### Data shown
┌──
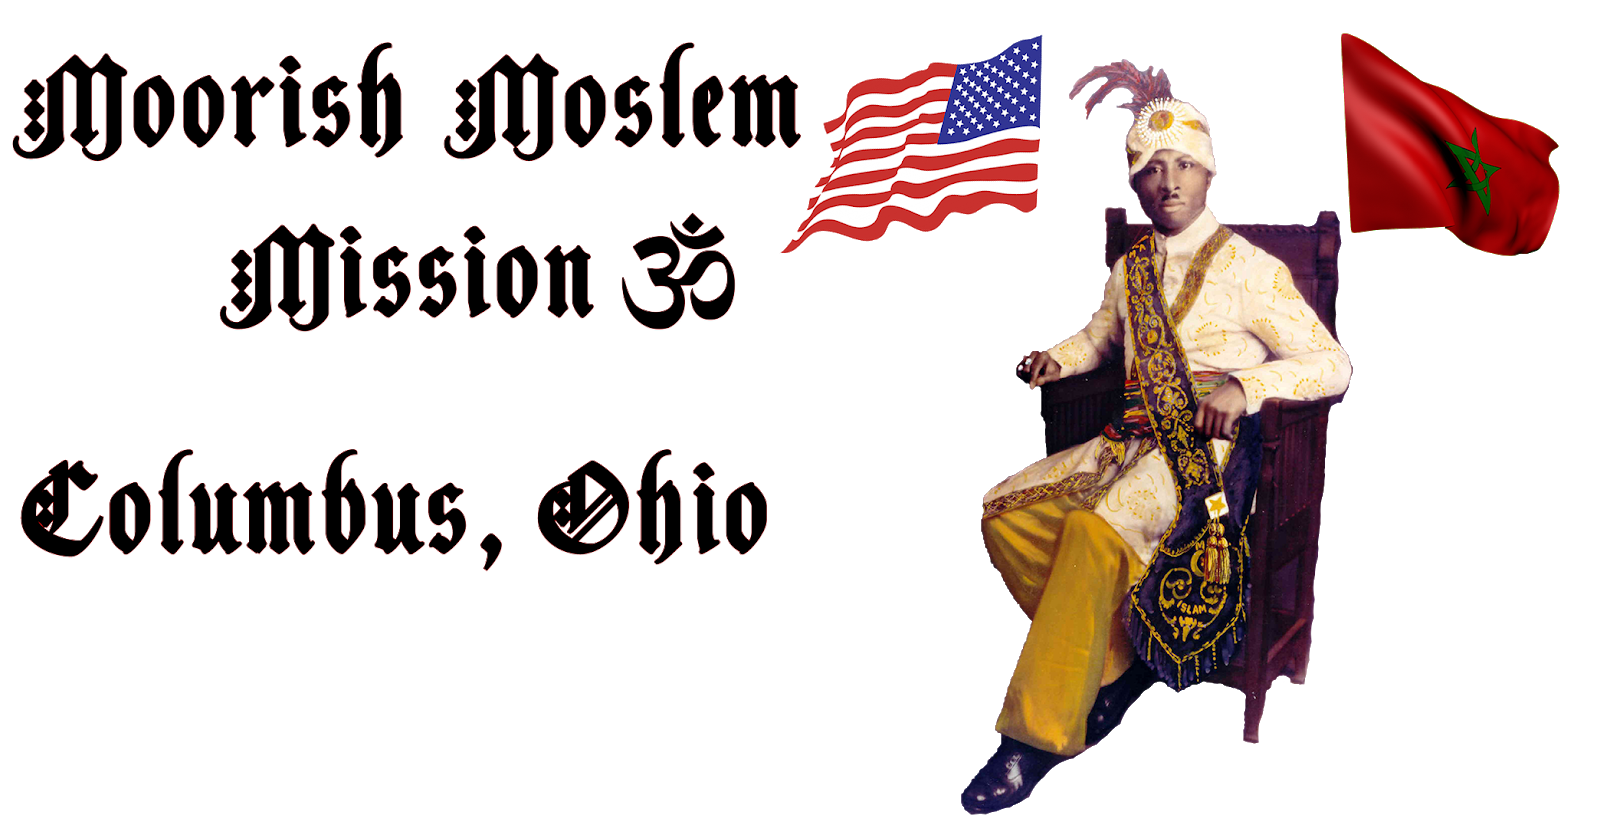 Moorish American Moslem Mission 30 for Columbus Ohio
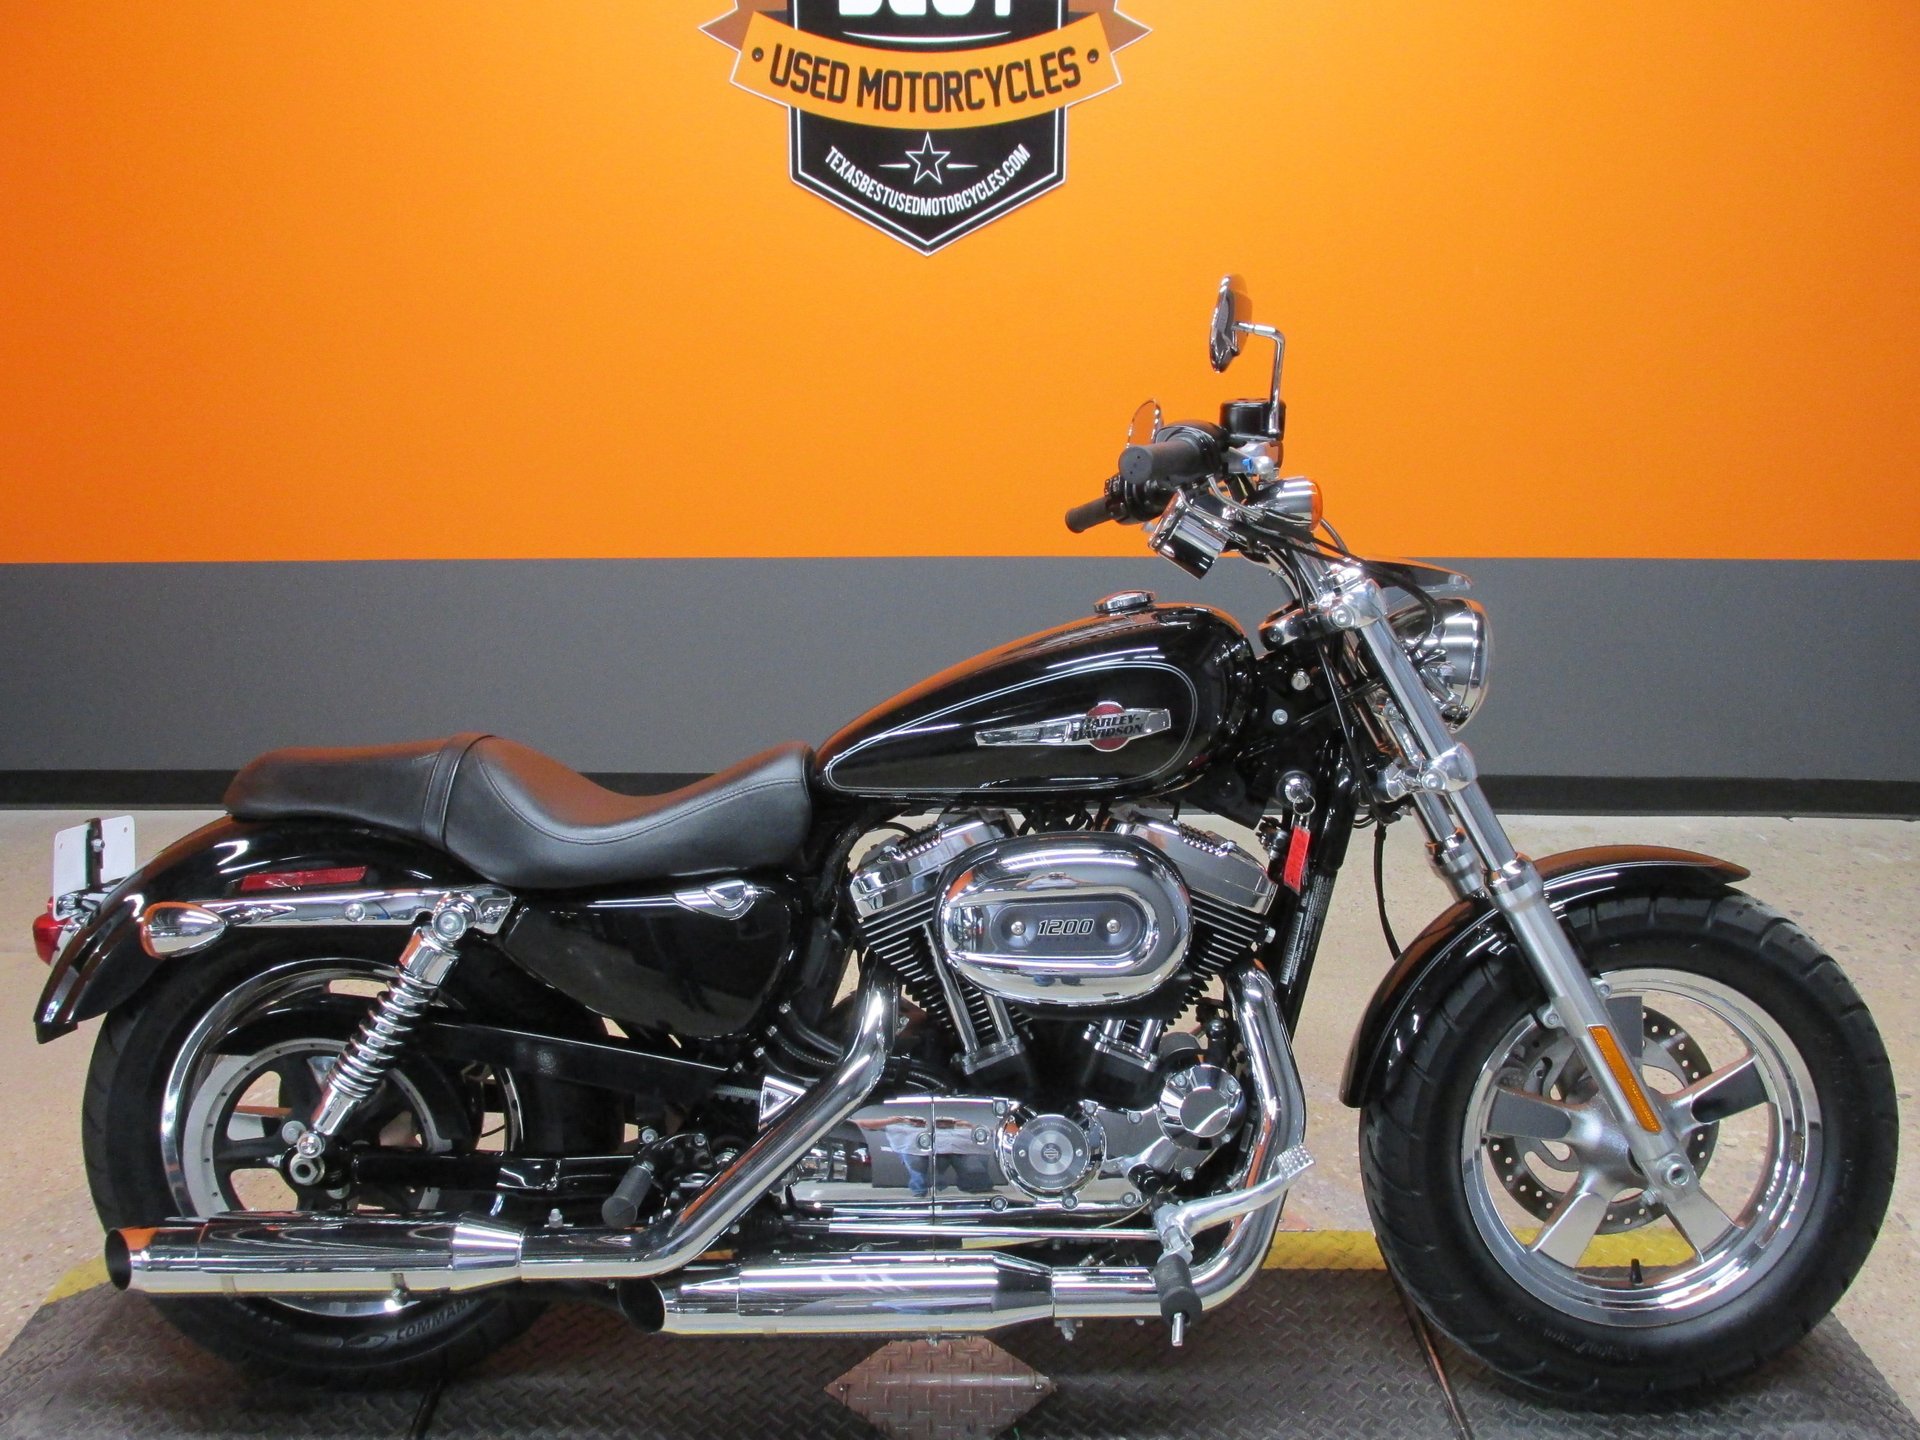 2015 Harley-Davidson Sportster 1200  American Motorcycle Trading Company -  Used Harley Davidson Motorcycles
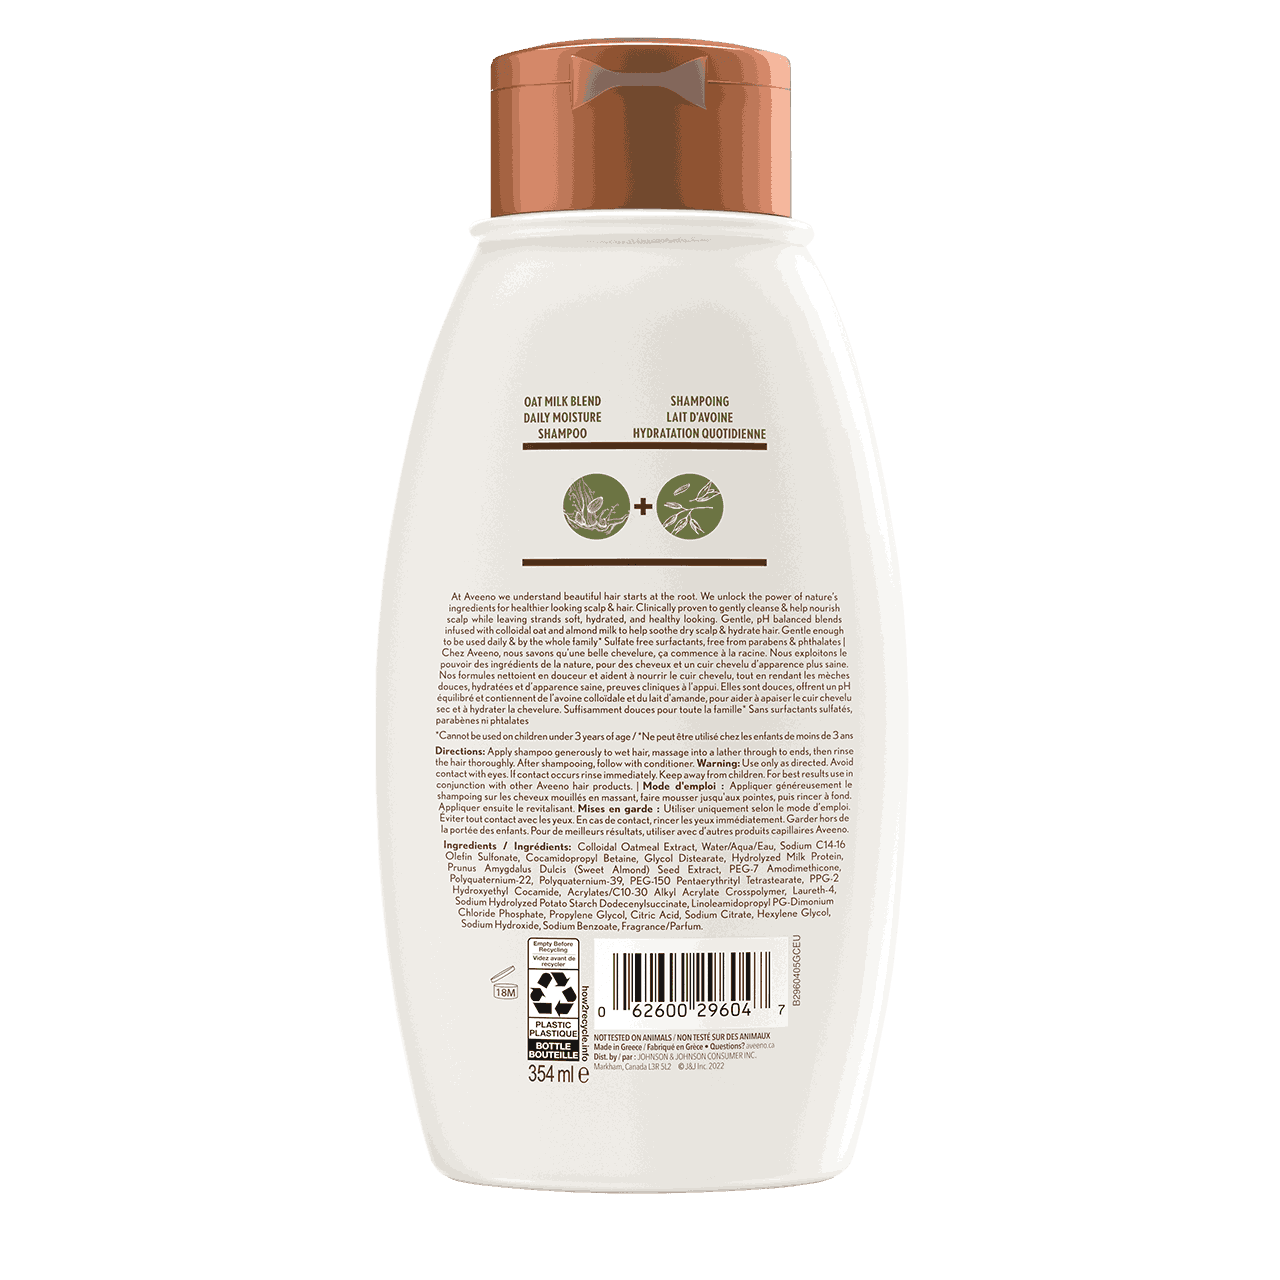 AVEENO® Oatmilk Blend Shampoo Daily Moisture, 354ml bottle, back label
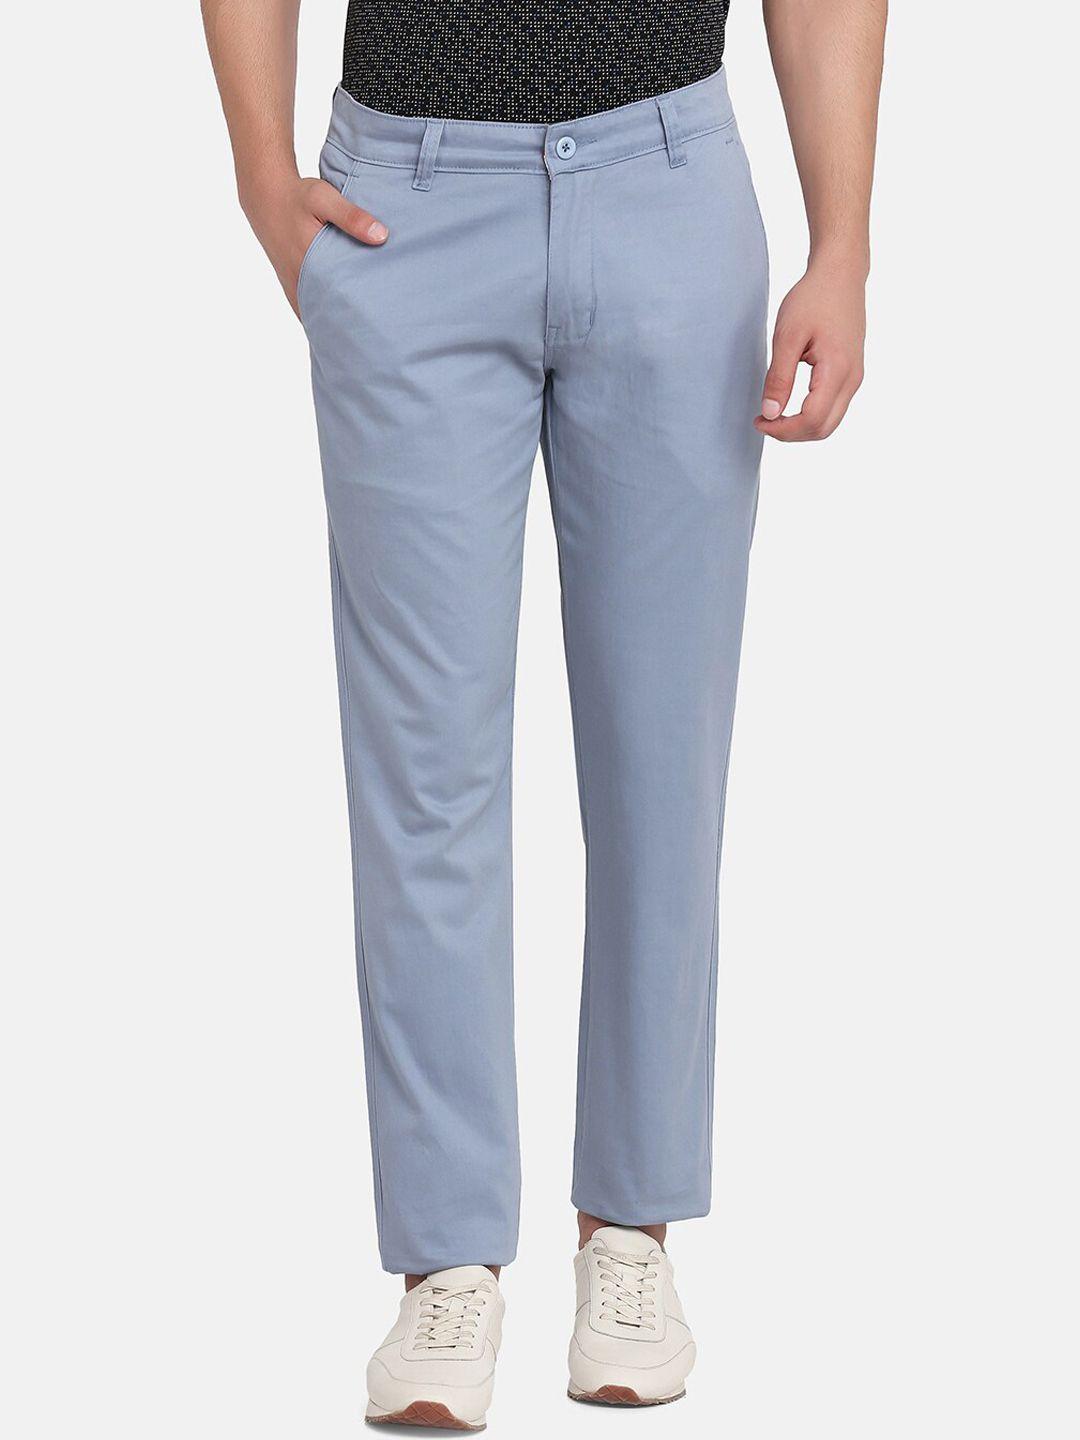 tahvo-men-blue-comfort-chinos-trousers
└──
Pictures are to be omitted; otherwise, write out the data exactly as it appears.

 Moorish American Moslem Mission 30 for Columbus Ohio
 2015 Harley-Davidson Sportster 1200  American Motorcycle Trading Company -  Used Harley Davidson Motorcycles
 AVEENO® Oatmilk Blend Shampoo Daily Moisture, 354ml bottle, back label
 tahvo-men-blue-comfort-chinos-trousers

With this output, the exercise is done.